TheHobbyist@lemmy.zip 9 hours ago
Works flawlessly with my tailscale setup :) Thanks for asking!
non_burglar@lemmy.world 10 hours ago
No, it is not fully working.
Many have tried to explain to you that your setup only works for YOU on YOUR subnet.
Your are then asking other public tools meant to lookup public ips with publicly-available DNS names to resolve your internal addresses, which they obviously don’t know anything about, and you’re getting those errors from tools that follow rfc because you are putting the equivalent of “bedroom” on the outside of an envelope and expecting the post office to know that it means YOUR bedroom.
For dns to work properly, the authoritative DNS server should be able to create a reverse lookup record for every a record that allow a DNS client to ask “what record do you have for this IP?” and get a coherent response. Since 192.168.10.0/24 is a non-routable network, you will never have such a reverse record.
Wolfgang has done you a disservice by giving you a shortcut that works as a side-effect of dns before you fully understood how DNS works.

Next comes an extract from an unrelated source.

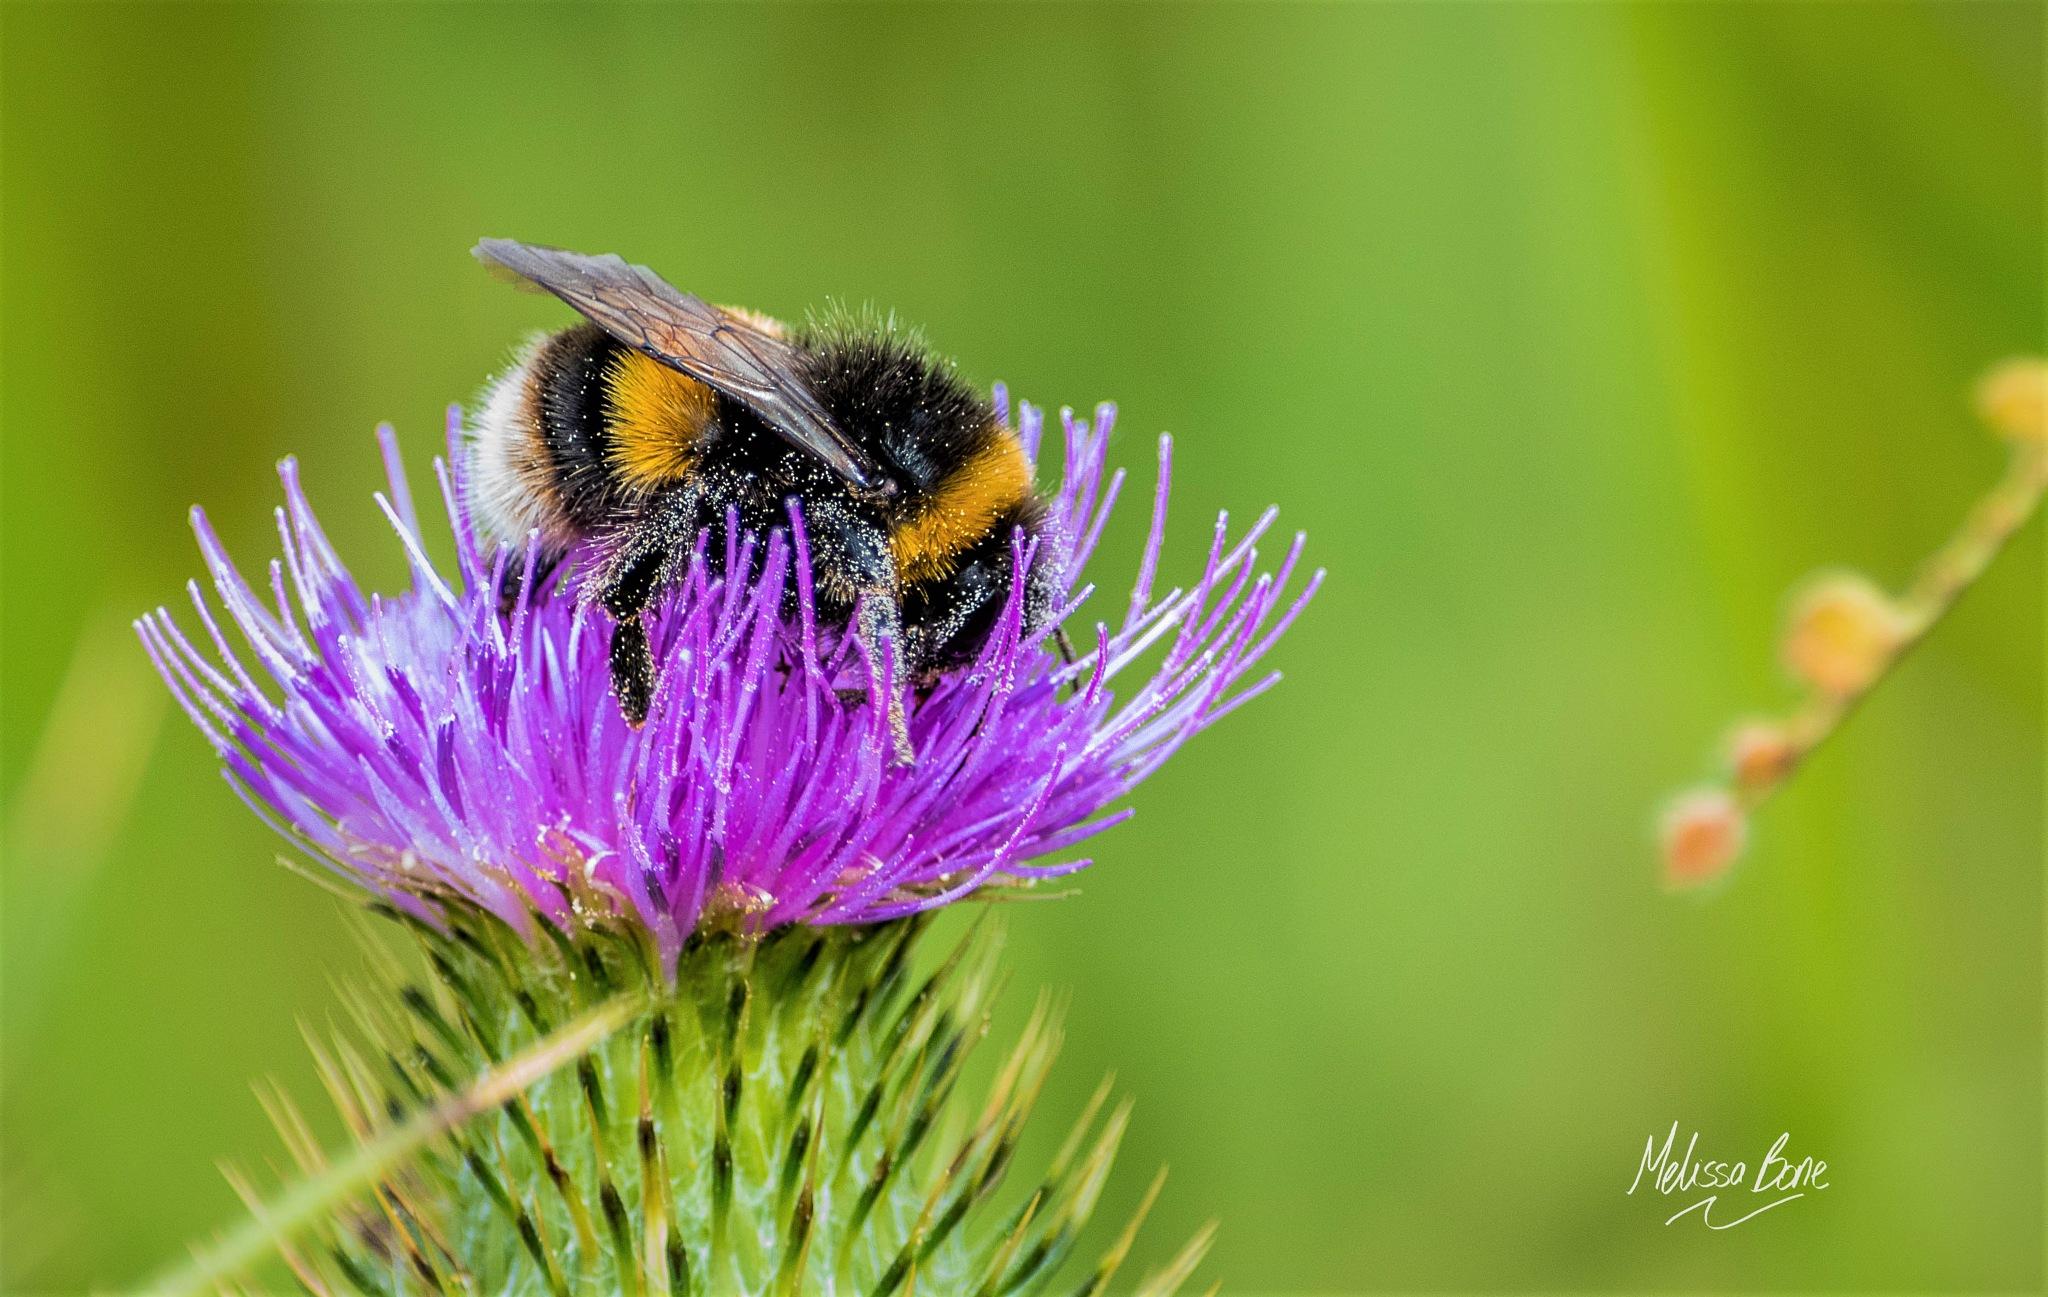 Humble bumble bee by Melissa Bone

TheHobbyist@lemmy.zip 10 hours ago
That’s exactly what I want. I don’t know why you thought I wanted something else? I’m trying to expose reach services in my home network from home, using HTTPS, without requiring a local DNS or to load self-signed certificates.
non_burglar@lemmy.world 10 hours ago
I know what you’re trying to do, and what those tutorials don’t tell you is that you are shortcutting normal DNS flow, which most apps are expecting.
DNS isn’t designed to work that way, so some apps (like Firefox) with internal hard-coded DNS functions are going to balk at private RFC ips in a DNS record. Or a lack of reverse record.
Again, slow down and think about what your trying to do here. You are complicating your stack for no reason other than you don’t want to set up a local DNS handler.